Ryan Shorthouse: We need a degree of reality about university

DO you feel sorry for the school leavers not going to university this autumn?

Perhaps they didn't get a place, or maybe they didn't get the grades, but they are missing out on what is now seen as an intrinsic part of the transition to adulthood.

Pass your GCSEs, get your A-levels, go to university and then

you get a good career. David Lammy, the Higher Education Minister, says a degree is "a passport to a job".

This is the dominant narrative of what it means to be successful

as a young person, and this Labour Government authored it.

They did it by funding a huge expansion in higher education

places and setting a target of getting half of 18-30 year-olds through university by 2010, as well as failing to develop a respectable

route for those wanting to build a vocational education.

As more and more young people have gone to university – now 43 per cent – those who don't go increasingly feel less likely to succeed in the future. For their parents, there is the feeling that they just haven't kept up with the Joneses, who have shipped both of their children to university.

But you can be a success even if you haven't been to university. I think of a friend of mine, a contemporary at the age of 24, who has done infinitely better than me – earning more money and greater respect. What matters most is character and skills, not qualifications.

As the Government-funded UK Commission for Employment and Skills has said: "There are many people who do not have qualifications, but are able to do a job as well as an individual with formal qualifications."

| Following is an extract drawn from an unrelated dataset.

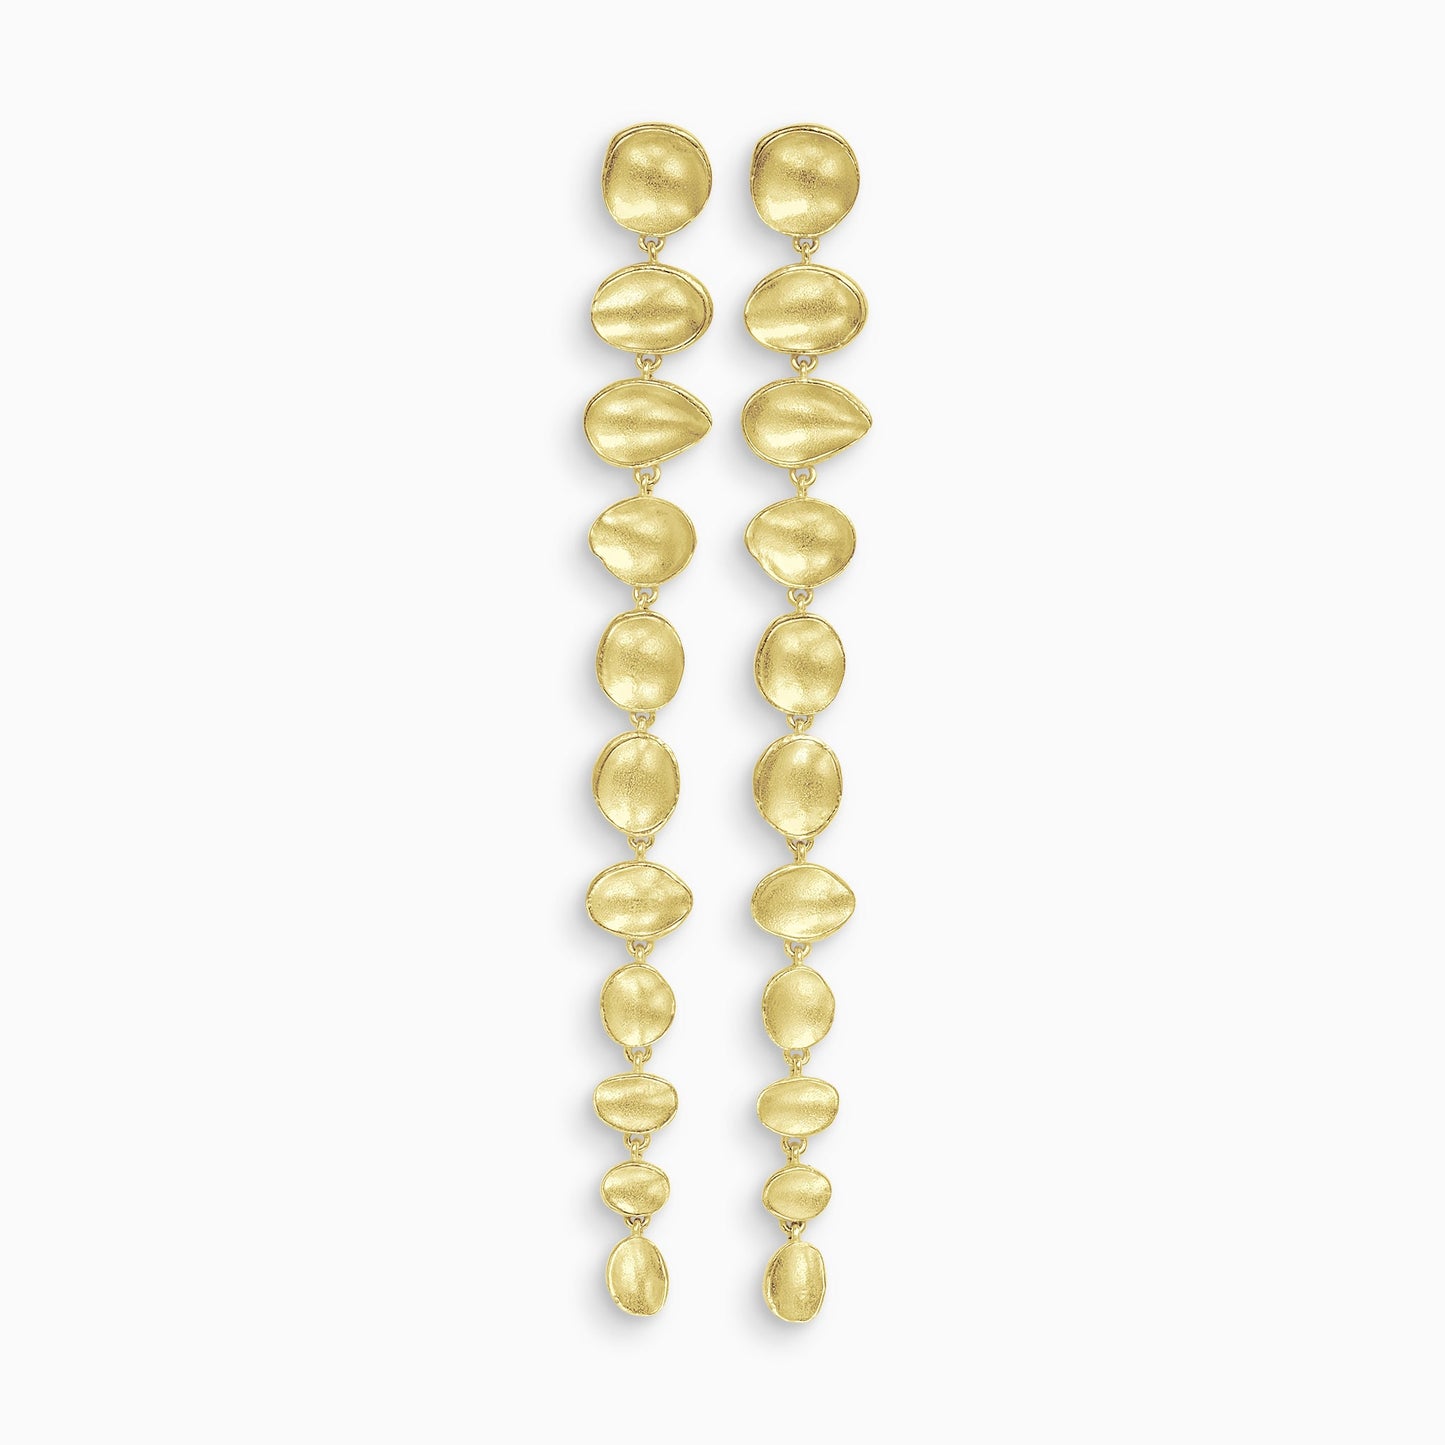 A pair of 18ct Fairtrade yellow gold drop earrings. A line of 11 articulating concave discs of various organic shapes and sizes with a stud ear fastening on the top disc. Satin finish. 105mm length, 10mm width.

And the head of the House of Commons Innovation, Universities and Skills Select Committee has argued that Britain's competitiveness depends more on meeting the skills demands of businesses, not increasing the number of people with formal qualifications.

Yes, in general those who go to university earn more over a lifetime. Higher education develops high-level knowledge and skills.

But there may be other reasons why graduates do better in the

long-run. Surely the reason they got to university in the first place is their character – their motivation to do well, their desire to conform to social expectations of success –

which will help them to succeed in their working lives anyway?

Being among thousands of young people in one place, each from different backgrounds and with different contacts, can help you get into a profession: 41 per cent of graduates said a friend from university had directly set them up for a job interview. Most employers also demand a degree as a minimum requirement.

So university helps, clearly. But it is simplistic to say the bit of paper you walk away with is the reason.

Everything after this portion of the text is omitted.